Classical mathematical techniques such as discrete integration, gradient descent optimization, and state estimation (exemplified by the Runge-Kutta method, Gauss-Newton minimization, and extended Kalman filter or EKF, respectively), rely on linear algebra and hence are only applicable to state vectors belonging to Euclidean spaces when implemented as described in the literature. This document discusses how to modify these methods so they can be applied to non-Euclidean state vectors, such as those containing rotations and full motions of rigid bodies. To do so, this document provides an in-depth review of the concept of manifolds or Lie groups, together with their tangent spaces or Lie algebras, their exponential and logarithmic maps, the analysis of perturbations, the treatment of uncertainty and covariance, and in particular the definitions of the Jacobians required to employ the previously mentioned calculus methods.

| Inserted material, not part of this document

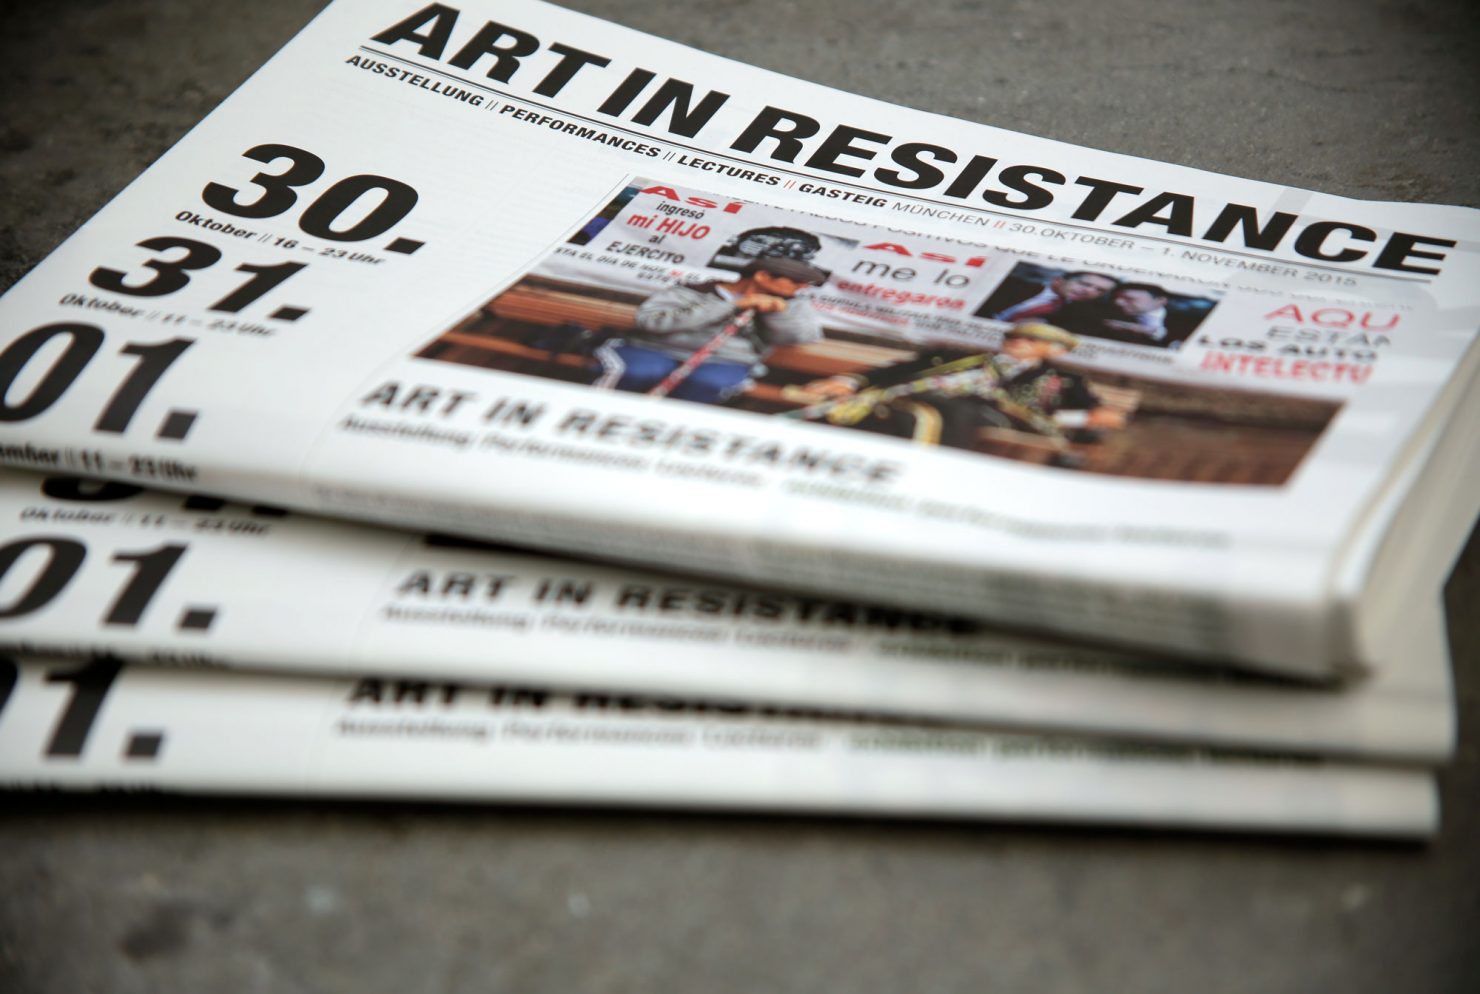 Programmzeitung Art in Resistance spielart theaterfestival München 2015

These concepts are particularized to the specific cases of the SO(3) and SE(3) Lie groups, known as the special orthogonal and special Euclidean groups of R3, which represent the rigid body rotations and motions, describing their various possible parameterizations as well as their advantages and disadvantages.

翻译：经典数学方法如离散积分、梯度下降优化和状态估计（分别以Runge-Kutta方法、Gauss-Newton最小化、扩展卡尔曼滤波或EKF为例）依赖于线性代数，因此按文献所述实现时仅适用于属于欧几里得空间的状态向量。本文讨论如何修改这些方法，使其能够应用于非欧几里得状态向量，例如包含刚体旋转和完整运动的状态向量。为此，本文深入综述了流形或李群的概念，及其切空间或李代数、指数映射和对数映射、扰动分析、不确定性与协方差的处理，特别是应用前述微积分方法所需的雅可比矩阵定义。这些概念被具体化为SO(3)和SE(3)李群的特殊情况，即R3中的特殊正交群和特殊欧几里得群，它们代表刚体旋转和运动，描述了其各种可能的参数化方式及其优缺点。